Illinois Sen. Dick Durbin to reintroduce Domestic Terrorism Prevention Act

In the wake of Wednesday's attack on the Capitol, Illinois Sen. Dick Durbin plans to reintroduce the Domestic Terrorism Prevention Act.

The bill was first introduced by Durbin and Brad Schneider of Illinois last fall. It passed in the House, but went nowhere in the Senate.

Sen. Durbin is now hoping that will change.

"After the attack on the Capitol, I hope that congress can finally come together and do something to address this threat," said Sen. Durbin.

Sen.

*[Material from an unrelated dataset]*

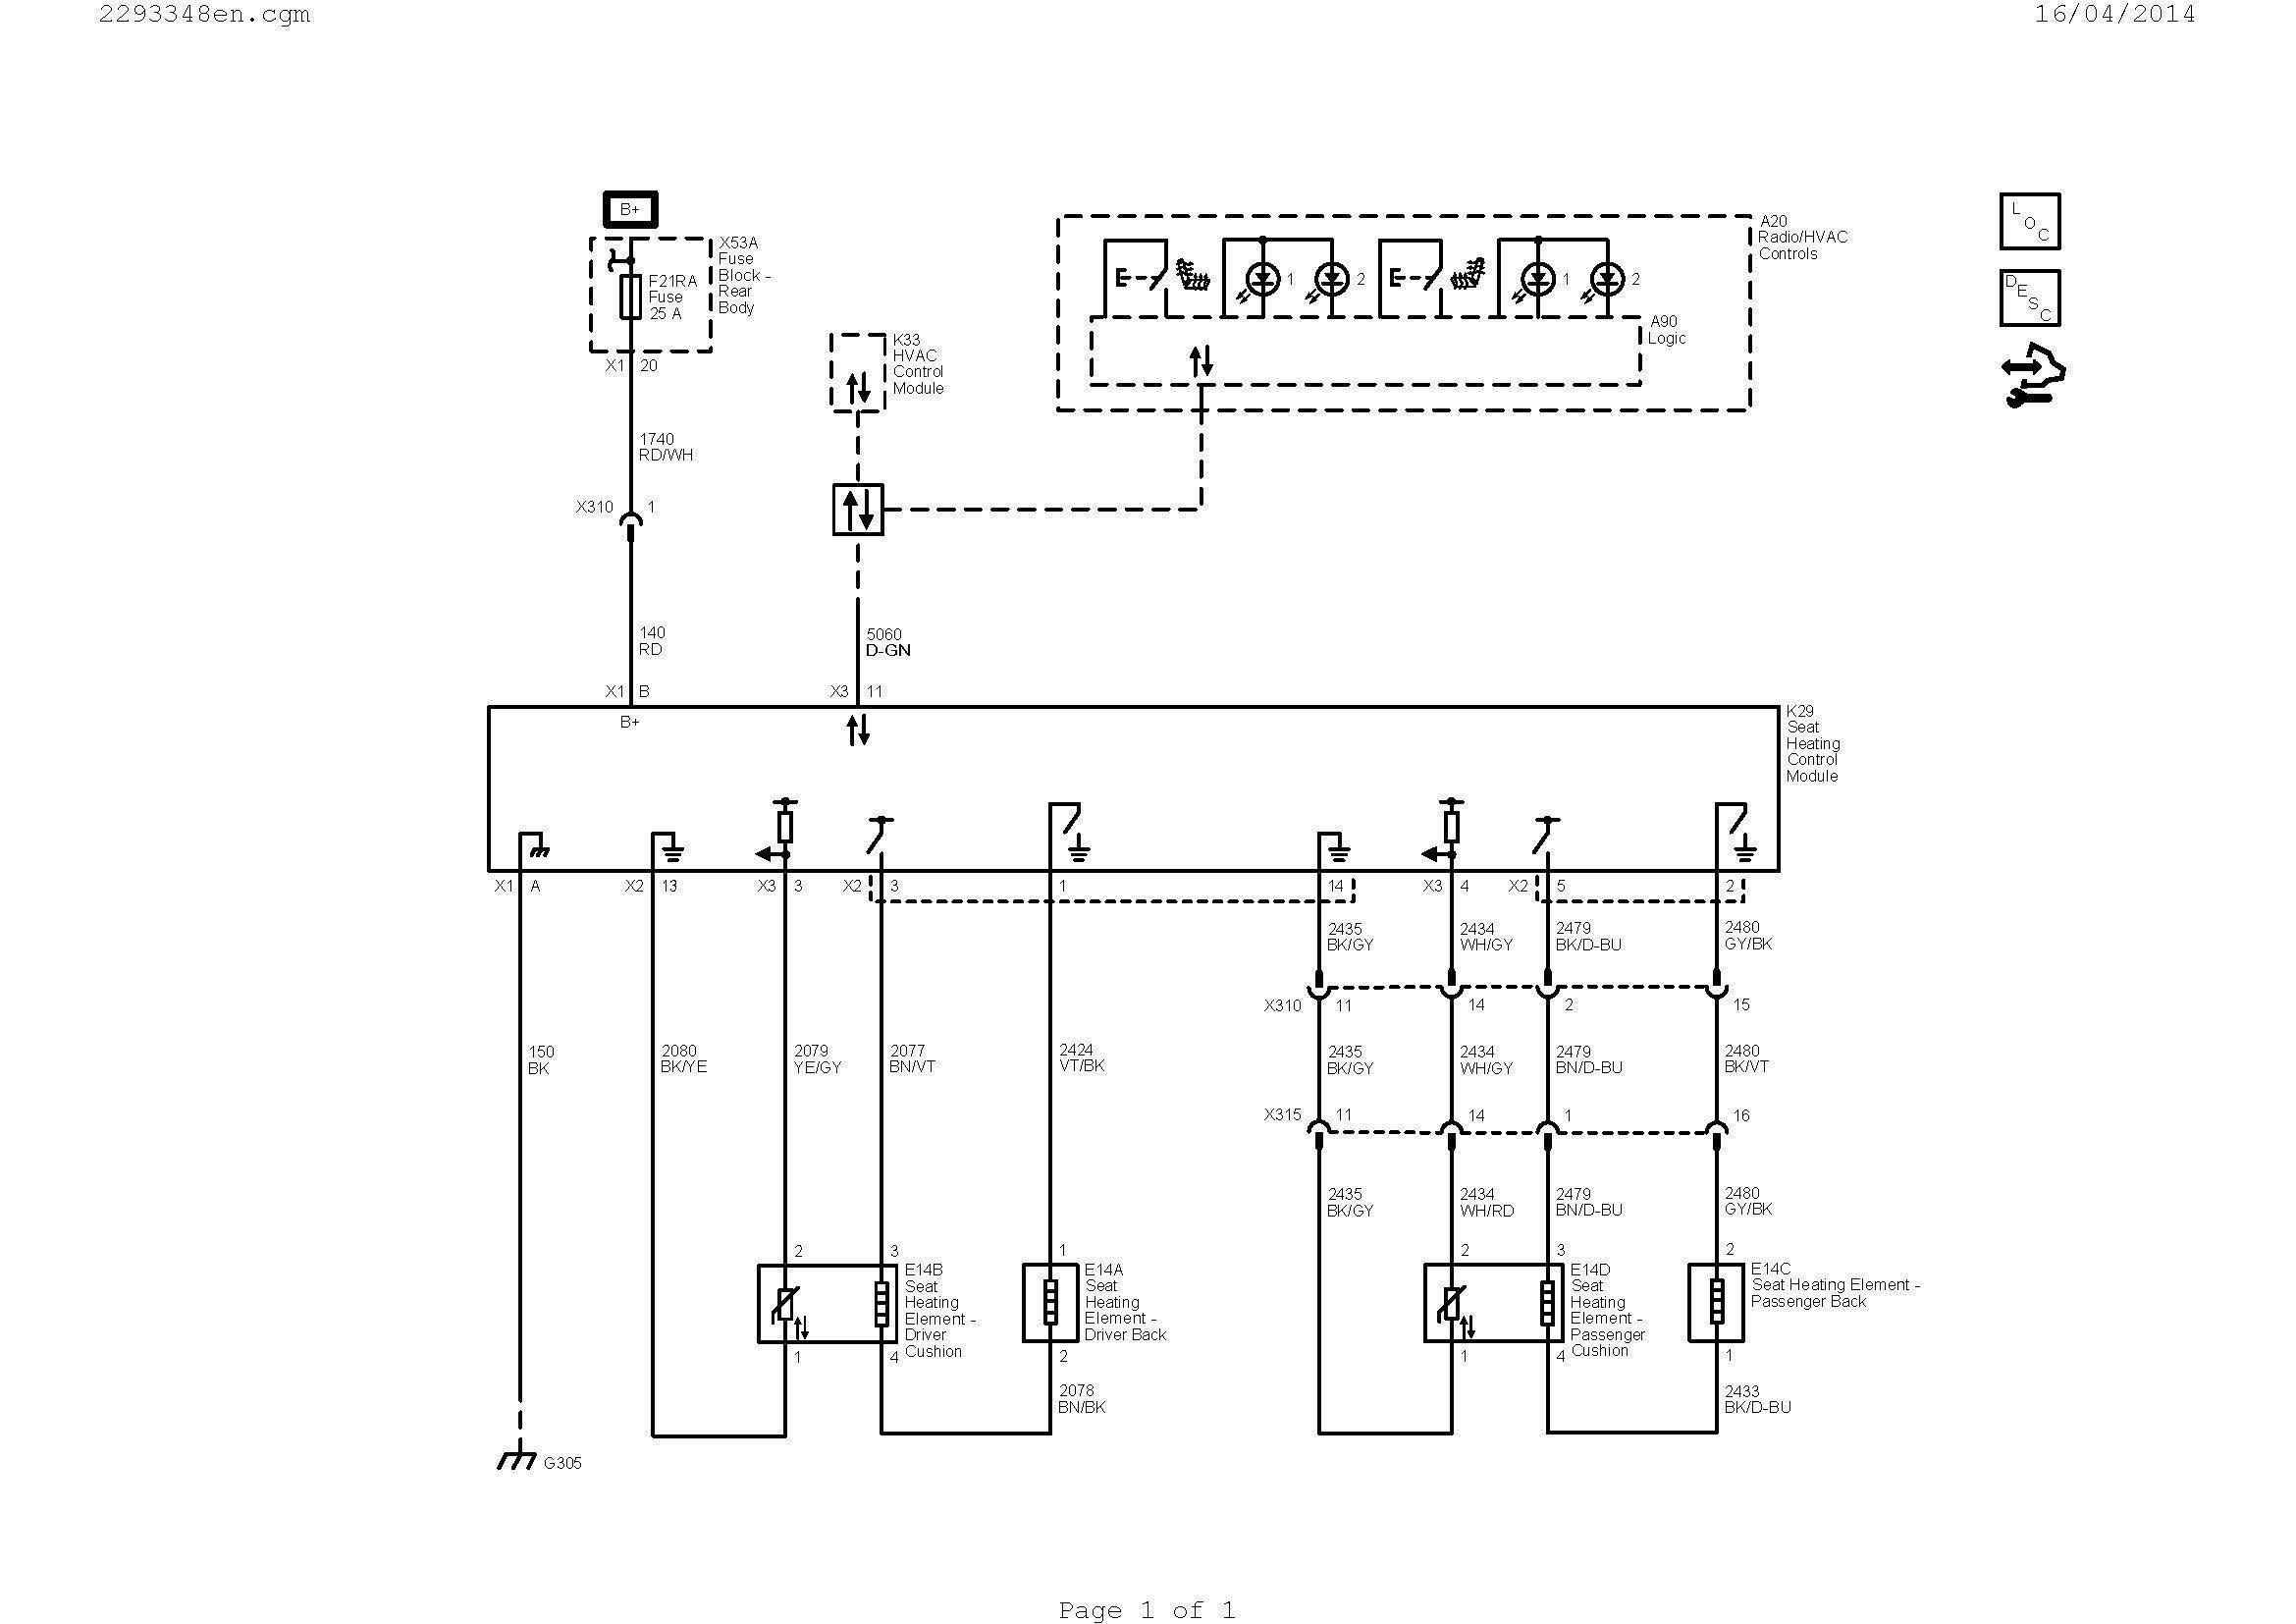 Vehicle Ac System Diagram Wiring Diagram Car Ac Inspirationa Awesome Car Ac System Diagram Of Vehicle Ac System Diagram

Durbin's Domestic Terrorism Prevention Act would establish government offices at the DOJ, FBI and Department of Homeland Security to prevent future attacks, like the one this week at the US Capitol.

"It would require these offices to regularly assess the domestic terrorism threat," said Sen. Durbin.


Durbin was among those on the chamber floor when it came under attack Wednesday.

"Someone broke through the door in a suit, went up to the VP and literally dragged him out of his chair and off the podium. It was a secret service agent," said Sen. Durbin.

The bill would also provide training and resources to local law enforcement to respond to domestic terrorist threats.

Sen. Durbin says he's going to be contacting President-elect Joe Biden's pick for Attorney General, Merrick Garland, about this effort in the coming days.